Start a hosting plan from $3.92/mo and get a free year on Tuts+ (normally $180)
Arduino projects can vary widely from home brew managers to weather stations to advanced home automation. Often you'll want to log data from these projects. In this tutorial I’ll show you how to integrate an SD Card and a real time clock module into a project to allow time stamped data logging.
Gather the Components, Tools, and Libraries
- Standard Breadboard
- Arduino this tutorial uses Nano, but most models should work
- MicroSD card breakout board
- MicroSD card
- Real Time Clock
- Temperature Humidity Sensor
- 22 Gauge Hookup Wire (multiple colors)
- 9V Battery clip with wire leads
- Soldering Iron
- Third hand tool
- Computer with Arduino IDE for programming
- USB cable appropriate for your Arduino—Mini B for the Nano
Download the following Arduino libraries from their repositories. For each library, unzip the folder into the Arduino/libraries folder. Rename each of the folders to be SD, RTCLib, and DHT respectively. The Arduino IDE can’t handle the dashes in the file names.

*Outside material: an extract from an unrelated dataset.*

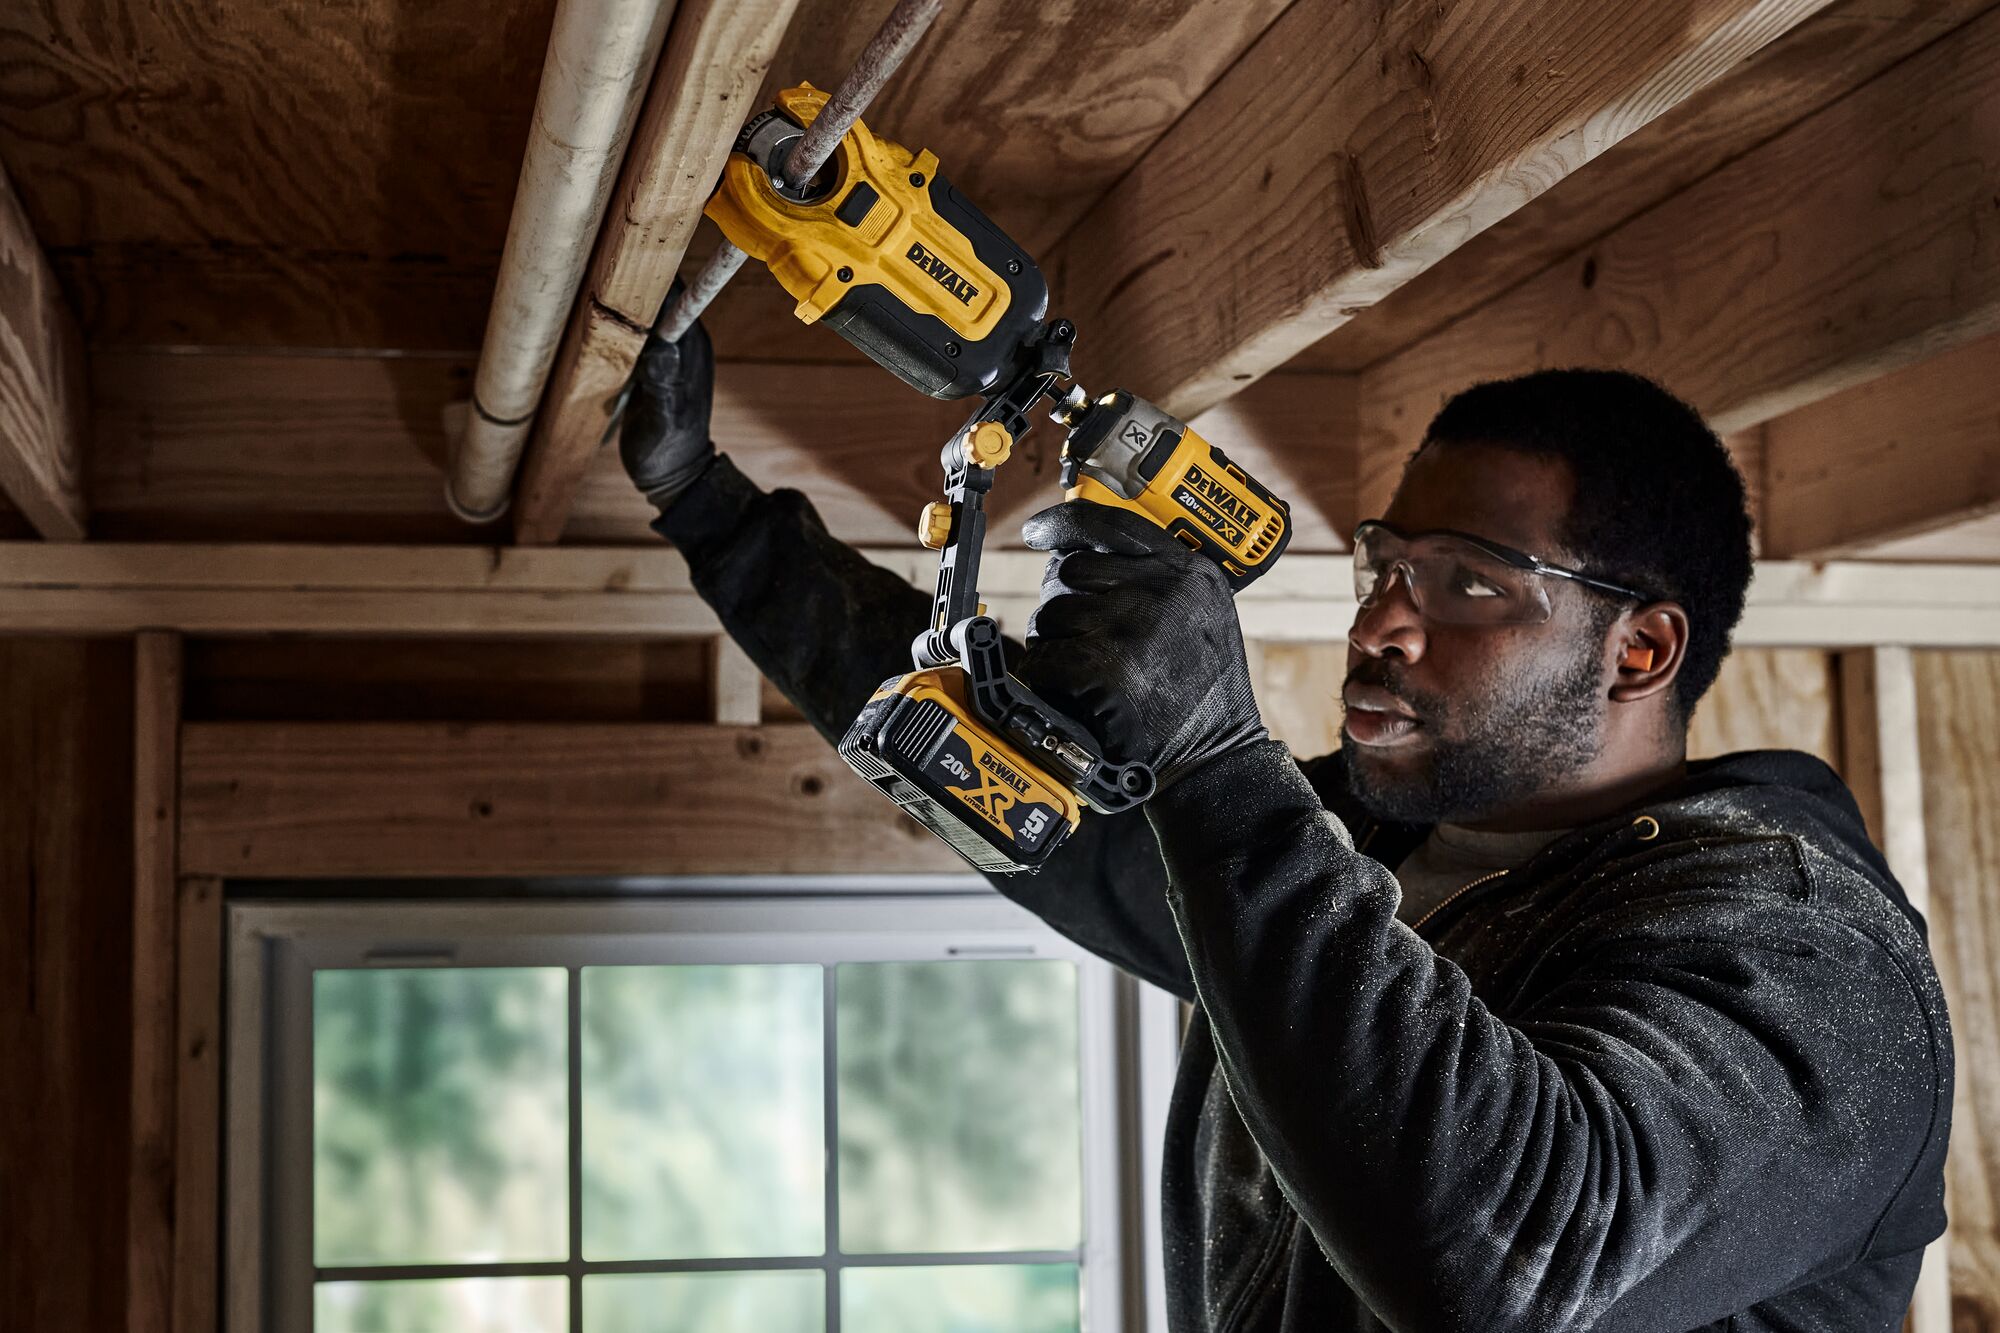 End user using DEWALT IMPACT CONNECT Copper Cutter attachment on Impact Driver to cut copper pipe running along board above his head.

- Adafruit SD library (wrapper for sdfat library) for working with the SD Card
- Adafruit RTCLib fork to read and set the time in the real time clock
- Adafruit DHT sensor Library to read the temperature and humidity
A Word About Choosing a Data Logger
Data loggers are available as discrete elements and can vary in cost from $35 to hundreds. Choosing the right logger is an important decision in the project. It would be an enormous disappointment to retrieve a deep sea observer project to discover that the data over the last year has been corrupt.

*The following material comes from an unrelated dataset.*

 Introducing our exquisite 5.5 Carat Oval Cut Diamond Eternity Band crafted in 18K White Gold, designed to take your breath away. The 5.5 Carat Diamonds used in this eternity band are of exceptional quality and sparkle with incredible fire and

As with all projects you need to consider the power consumption but there are several other features that you want to be aware of when selecting a data logger for a particular project.
Perhaps the project is going to be in harsh conditions. Physical jolts, high temperatures, humidity, and other conditions will affect the choice. There are loggers available that can withstand different conditions. Be sure to know where your project and logger will be living and select the right technology.

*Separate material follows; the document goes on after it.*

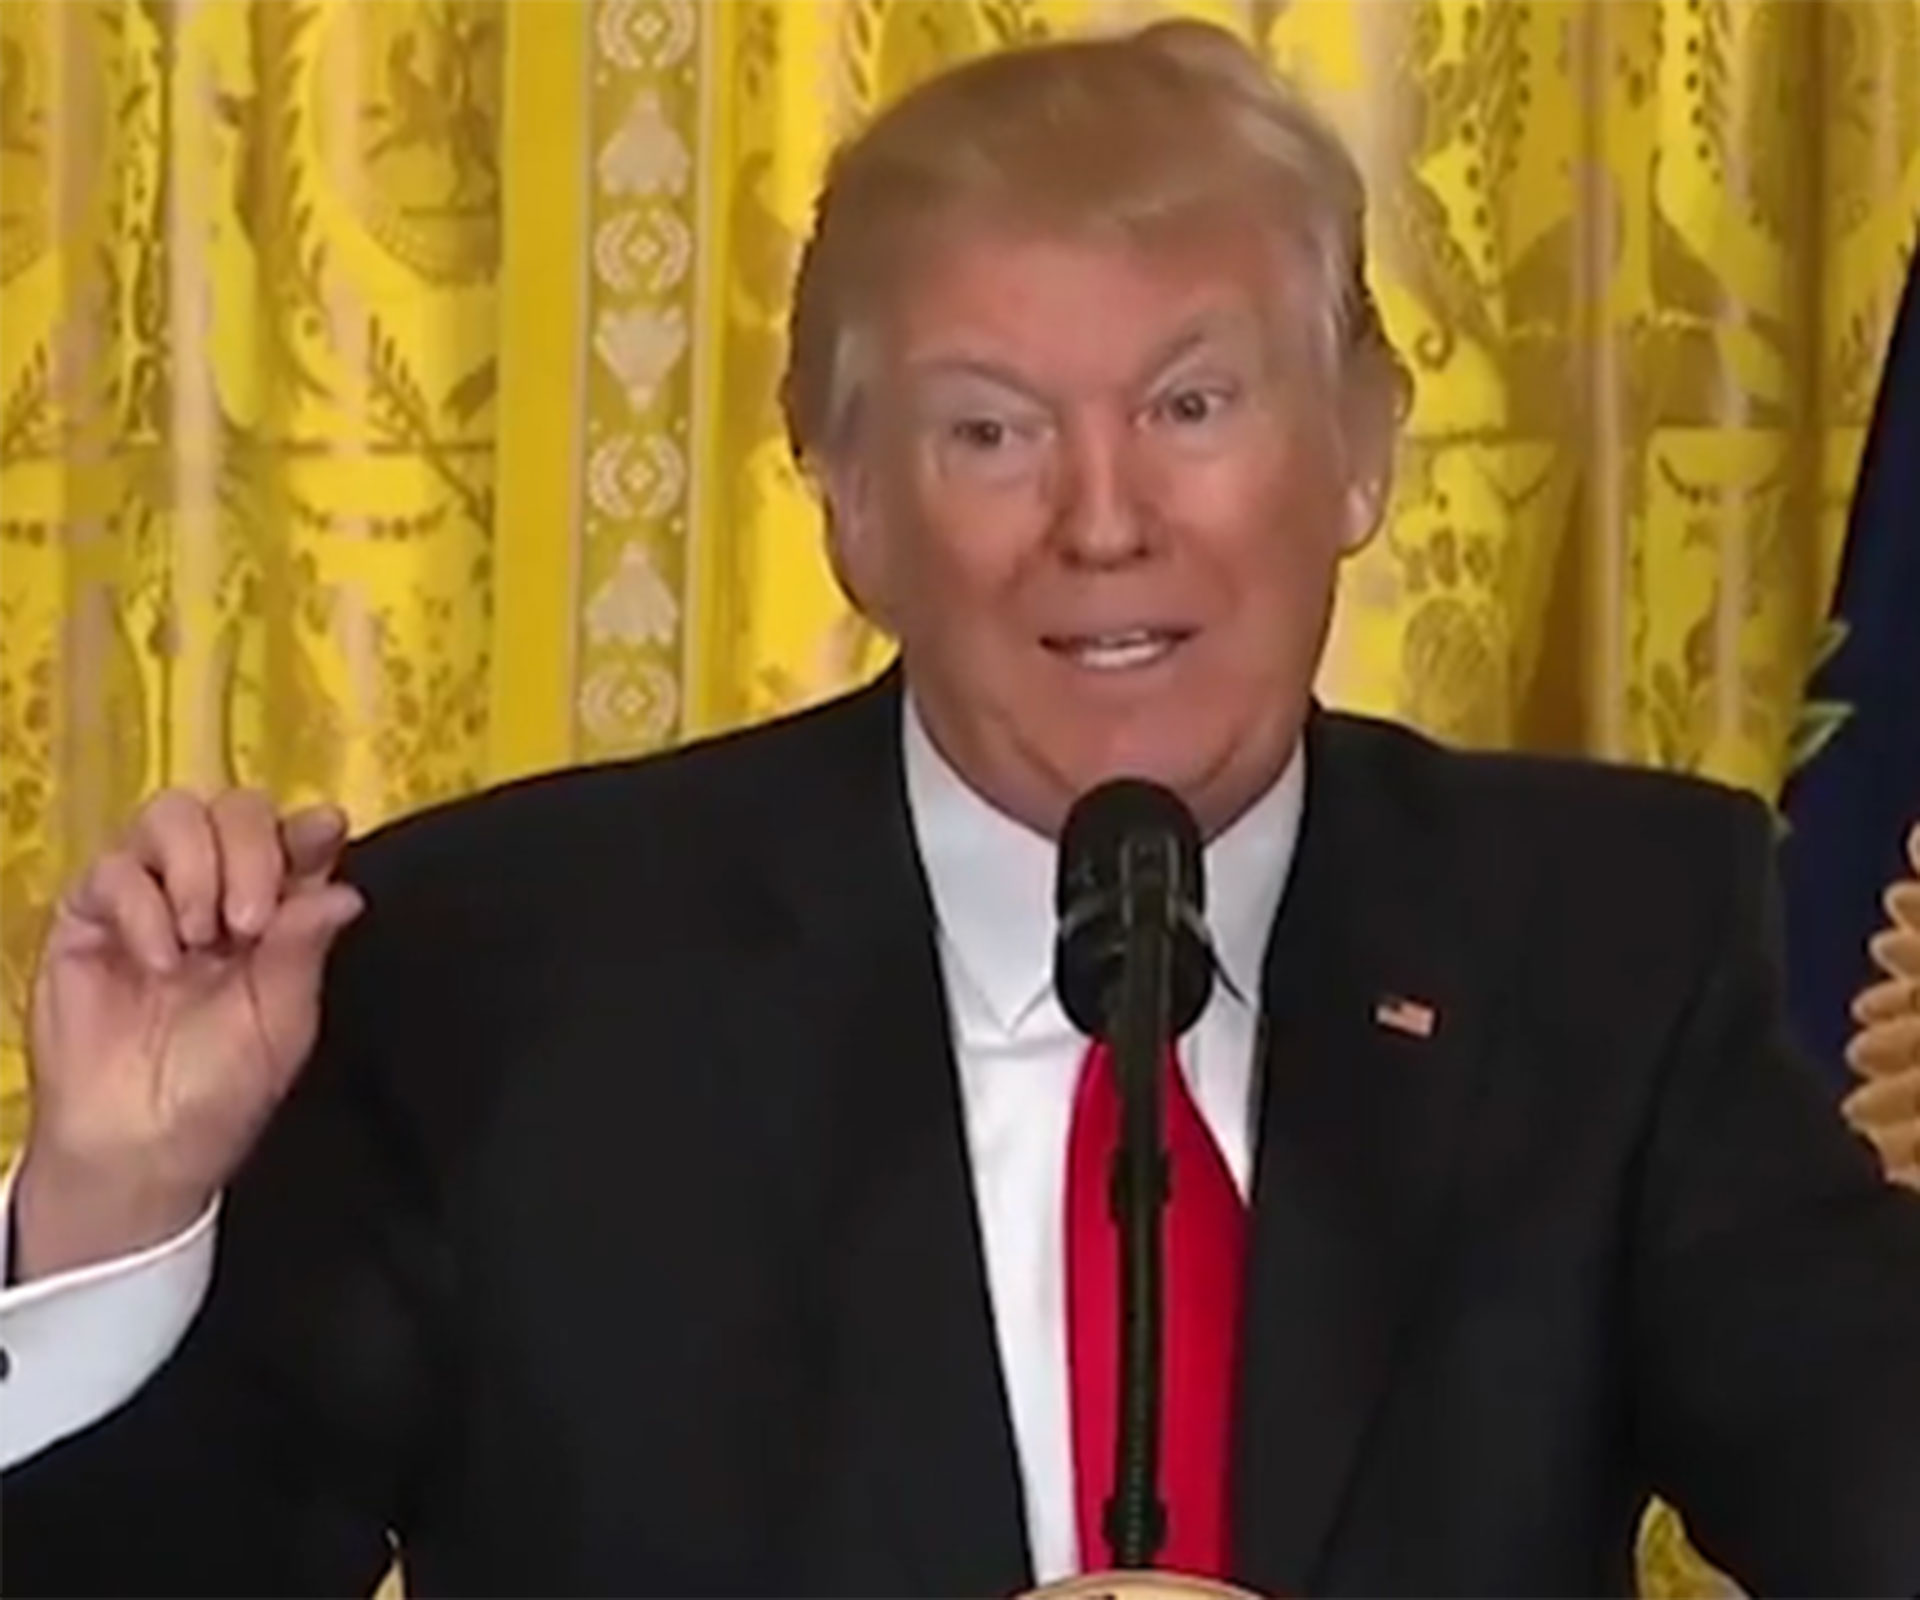 5 of the most batsh*t things President Trump actually said during his press conference

There are serial loggers that speak just about any protocol, I2C, RS232, CAN, SPI and more. The interface protocol will affect how fast the log data can be written. Ensure you select the logger that fits with the project technology and write speed requirements.
It’s no good if the logged data can not be retrieved. It’s the proverbial tree falling without anyone around to hear it. Make sure you understand how data is to be retrieved from the logger you are selecting. In some cases of discrete logger IC chips, you will have to build an external interface that you can use to pull the data back from the chip.
Some loggers just dump data while others have incredibly accurate time stamps for the data records. As you would expect, the more accurate the time stamps, generally the higher the price. If your project requires very high speed logging that timestamps to the nanosecond, the logger will run a bit more than a logger that has no clue what time of day it is.
This is what you want to happen when you overrun the end of the storage. Schemes vary from stop logging to start overwriting the oldest data.
Media Type / Durability
Ensure you evaluate how many times can the device memory can be overwritten and what the plan is when it starts breaking down. If you have to replace the whole logger after 10,000 overwrites the value will depend on how many writes you plan on making per second.
SD Card Logger
The upsides to using an SD Card for logging are many. It is relatively inexpensive. You can choose your own logging format and whether or not you want time stamps. The media is easily replaceable when worn out and can be removed quickly and read by any standard computer.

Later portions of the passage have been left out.